Menétrey-Savary Anne-Catherine · Nationalrat · Waadt · Grüne Fraktion · 2007-03-08

Wortprotokoll

En général, j'évite d'évoquer mon valeureux passé politique, mais je ferai aujourd'hui une fugace exception. En effet, j'ai commencé ce que j'hésite à nommer ma "carrière" à la fin des années 1950 par un engagement marqué en faveur de l'égalité entre femmes et hommes, avant même d'avoir le droit de vote. Aujourd'hui, au moment où je m'apprête à y mettre un terme, je n'irai pas jusqu'à dire que rien n'a changé, mais je retrouve toute la fougue de ma jeunesse pour, une fois encore, m'indigner des discriminations qui demeurent et de la mollesse des mesures prises.

Les femmes représentent la moitié de la population mondiale et fournissent les deux tiers des heures de travail, mais elles ne gagnent que le dixième du revenu mondial. Face à cette injustice, nous n'entendons que ce vieux refrain de cinquante ou cent ans: informer, sensibiliser, encourager, et les choses s'arrangeront d'elles-mêmes. Or, nous savons pertinemment que cela ne suffira pas.

Dans le rapport du Conseil fédéral concernant l'évaluation de l'efficacité de la loi fédérale sur l'égalité entre femmes et hommes, les auteurs formulent des recommandations bienvenues qui ont été reprises dans beaucoup des interventions que nous voterons tout à l'heure. On est rassuré par cette lecture: quelque chose va bouger, enfin! Hélas, on déchante rapidement en abordant la partie consacrée à la position du Conseil fédéral. Pratiquement rien de ces recommandations ne résiste à ses critiques et à ses refus: ces mesures sont trop chères; elles empiètent trop sur la liberté des entreprises; l'orientation doit être incitative et non répressive.

En définitive, que nous apprend ce rapport? Que la loi n'est pas appliquée, ni par les employeurs ni par les tribunaux, en partie parce qu'elle est ignorée. On apprend qu'elle n'a apporté aucun progrès décisif, mais on note aussi, avec soulagement, qu'elle n'a pas non plus contribué à dégrader la situation. On apprend surtout que les salaires continuent désespérément à être de 15 à 25 pour cent inférieurs à ceux des hommes. Retour à la case départ! C'est un constat pessimiste, mais il pourrait être plus déprimant encore, car j'ai peur, en effet, qu'on entre dans une phase de recul.

La situation des femmes, notamment dans le travail, est devenue plus compliquée, plus opaque, plus précaire. Avec la tendance à l'individualisation des salaires, à la flexibilisation du travail, les femmes sont perdantes: le mérite se mesure à l'aune des critères masculins. Les discriminations passent plus facilement inaperçues, y compris pour les femmes qui en sont victimes; elles ne sont plus le résultat d'atteintes frontales; c'est moins spectaculaire, mais c'est plus pervers.

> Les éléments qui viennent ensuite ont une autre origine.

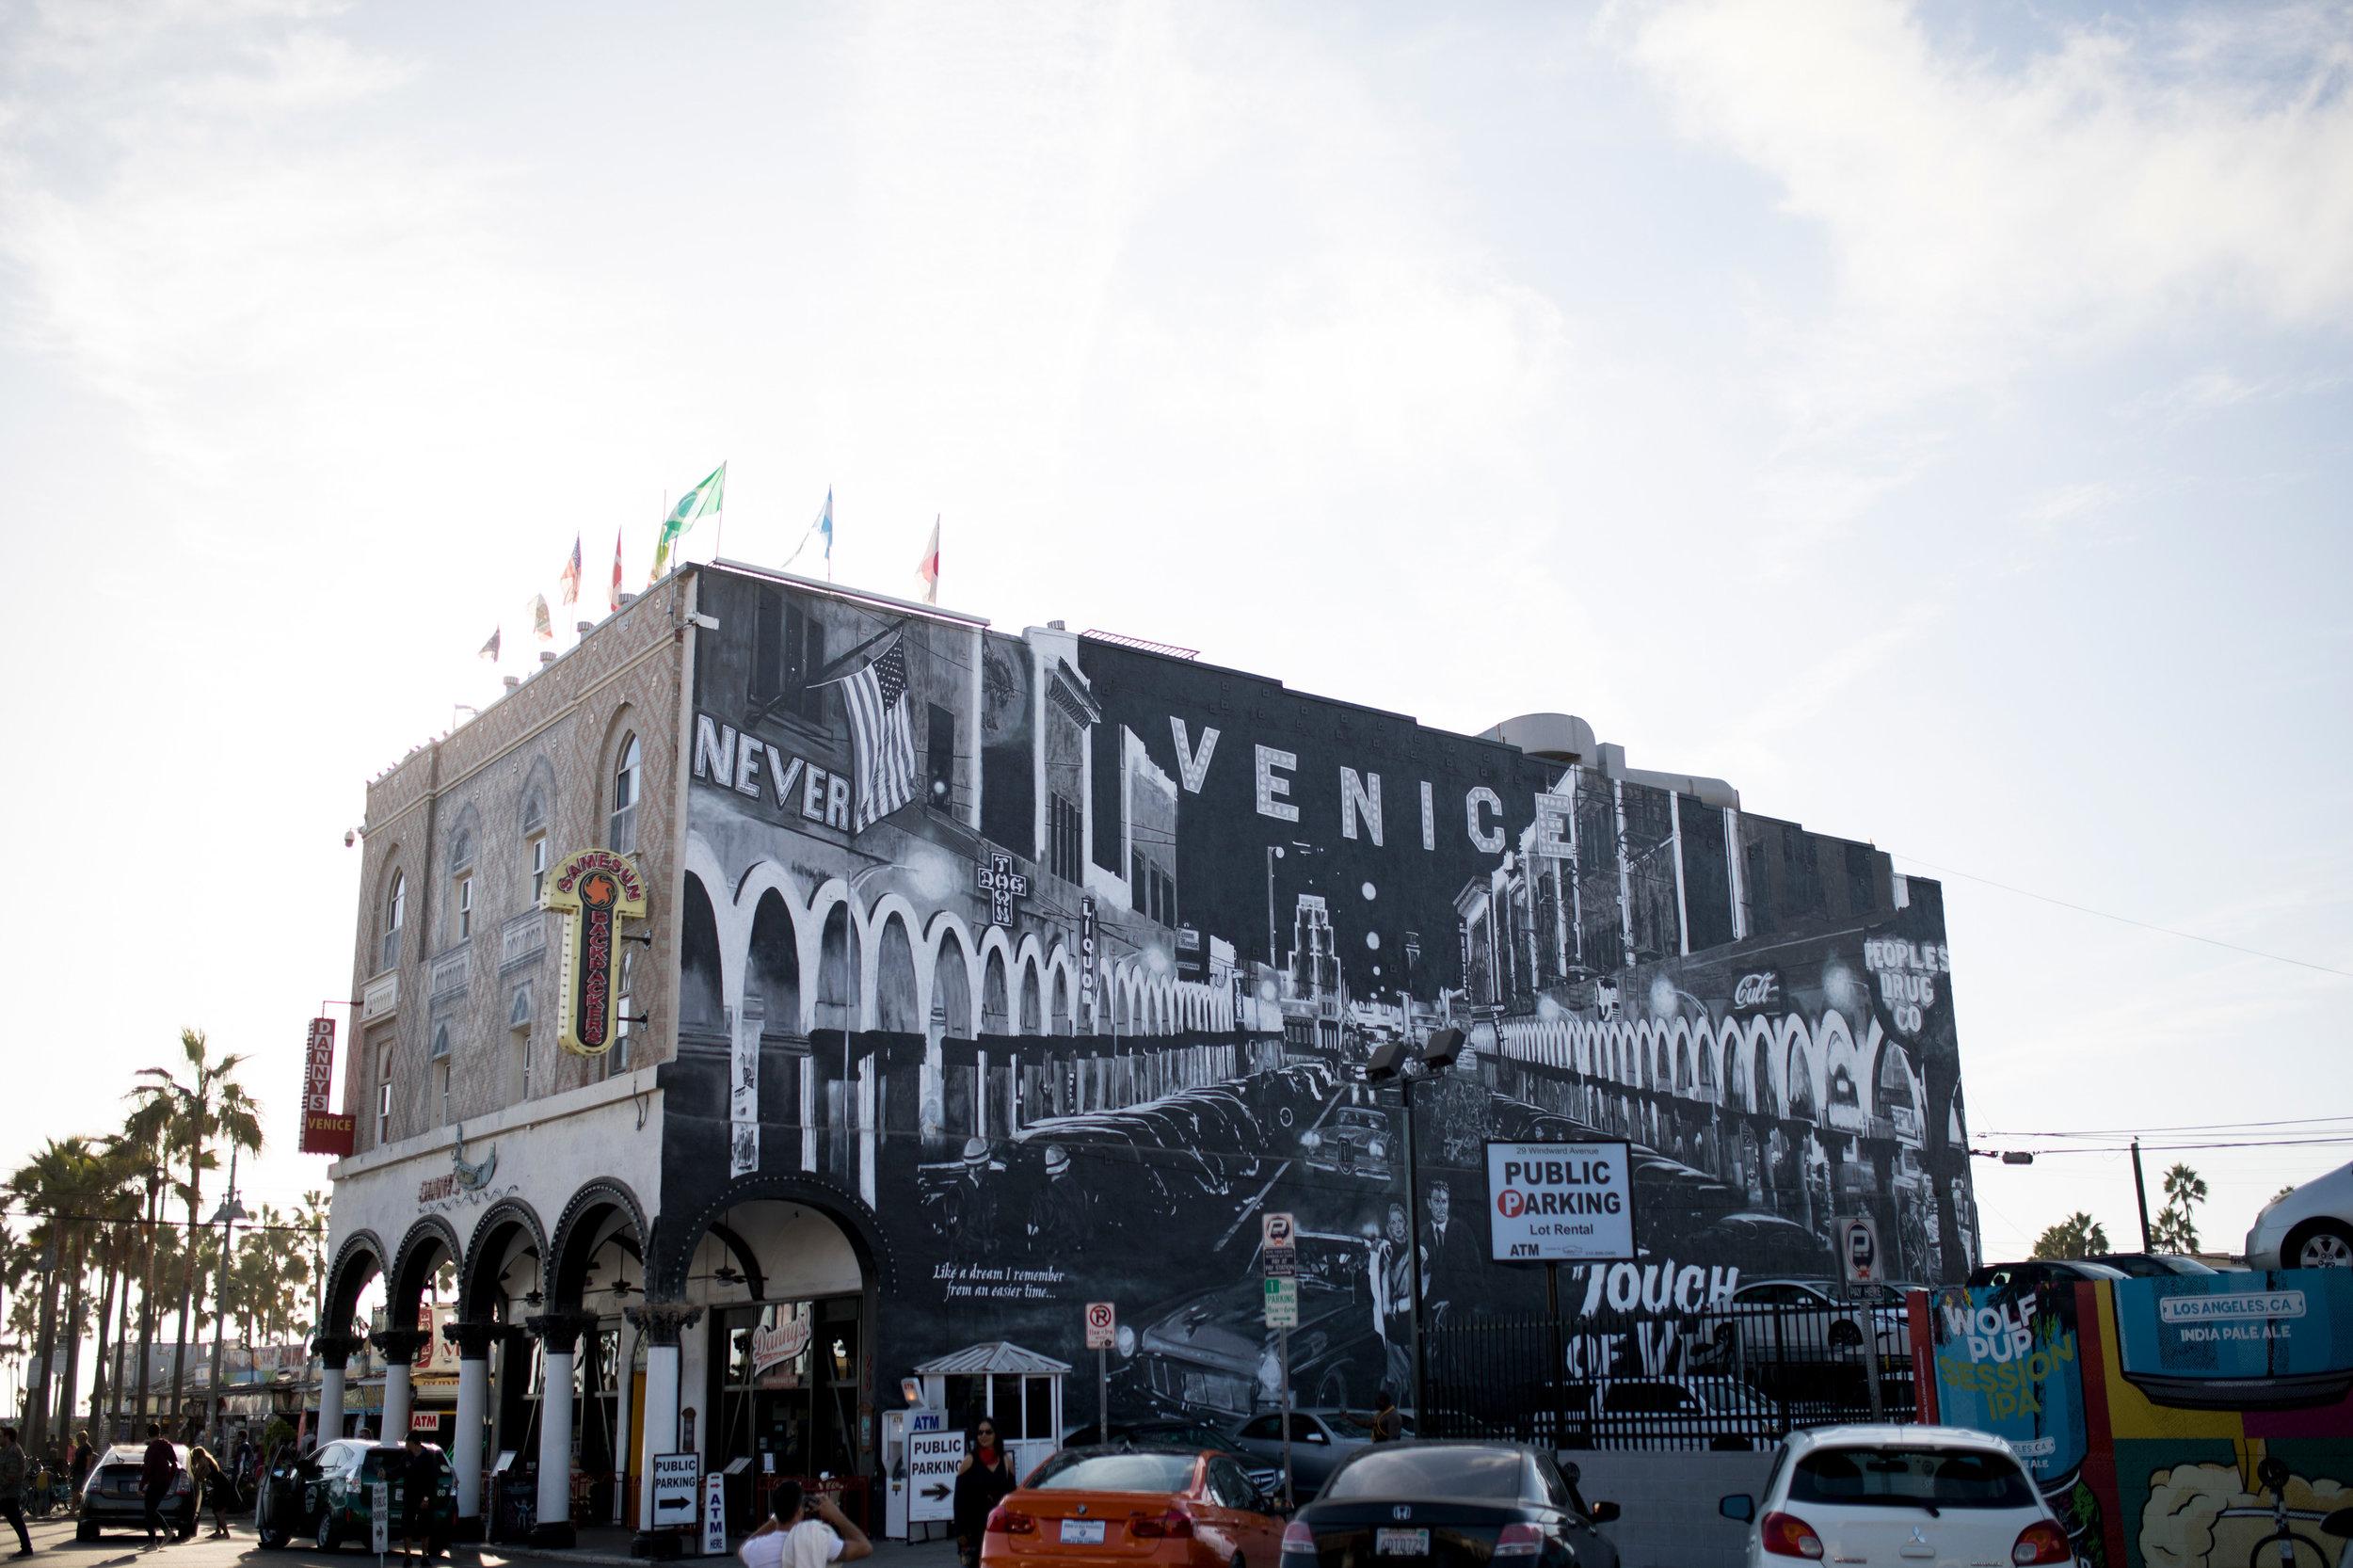 Venice Beach city street art and photogrphy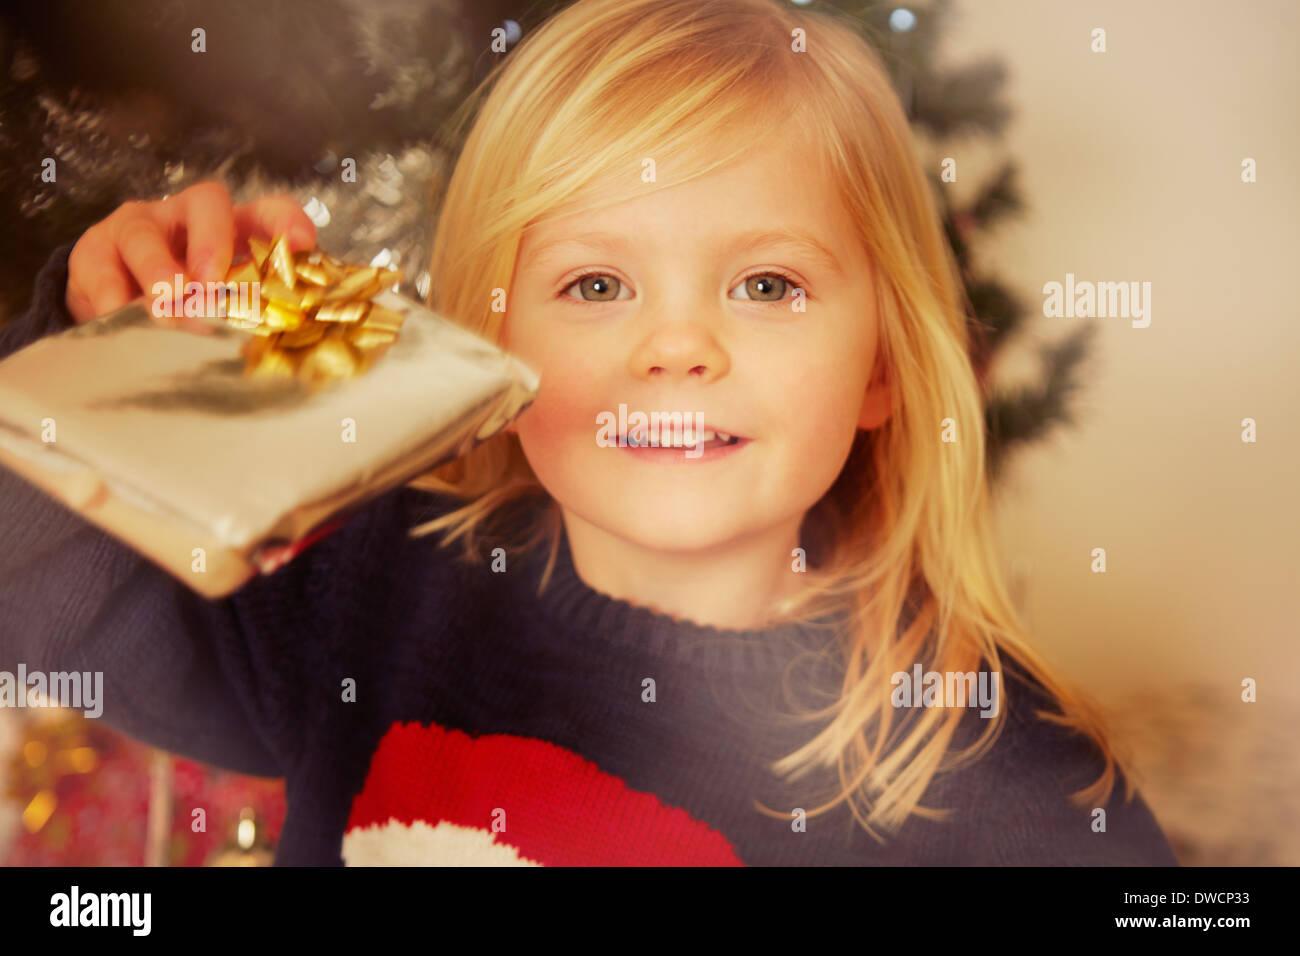 Child holding Christmas present - Stock Image

L'invisibilité, c'est le terme qui convient aussi pour parler des femmes au chômage ou en recherche d'emploi, des femmes au travail à temps très partiel ou sur appel, des femmes vouées au travail bénévole, des femmes immigrées qui veillent sur nos enfants, sur nos parents âgés, qui nettoient nos maisons ou nos bureaux.

Je ne voudrais pas finir dans une morosité trop grande. En cinquante ans, nous avons aussi eu des victoires: l'assurance-maternité, l'interruption volontaire de grossesse, des mesures de lutte contre la violence domestique, de meilleures allocations familiales et des crédits pour les places d'accueil pour les enfants. Mais surtout, les femmes sont fortes. Elles refusent d'être traitées en victimes, elles peuvent se mettre debout et avancer comme elles le font aujourd'hui partout dans le monde. Nous nous battrons pour de nouvelles victoires et nous commencerons par voter en faveur des diverses interventions parlementaires qui vont dans le sens de l'égalité.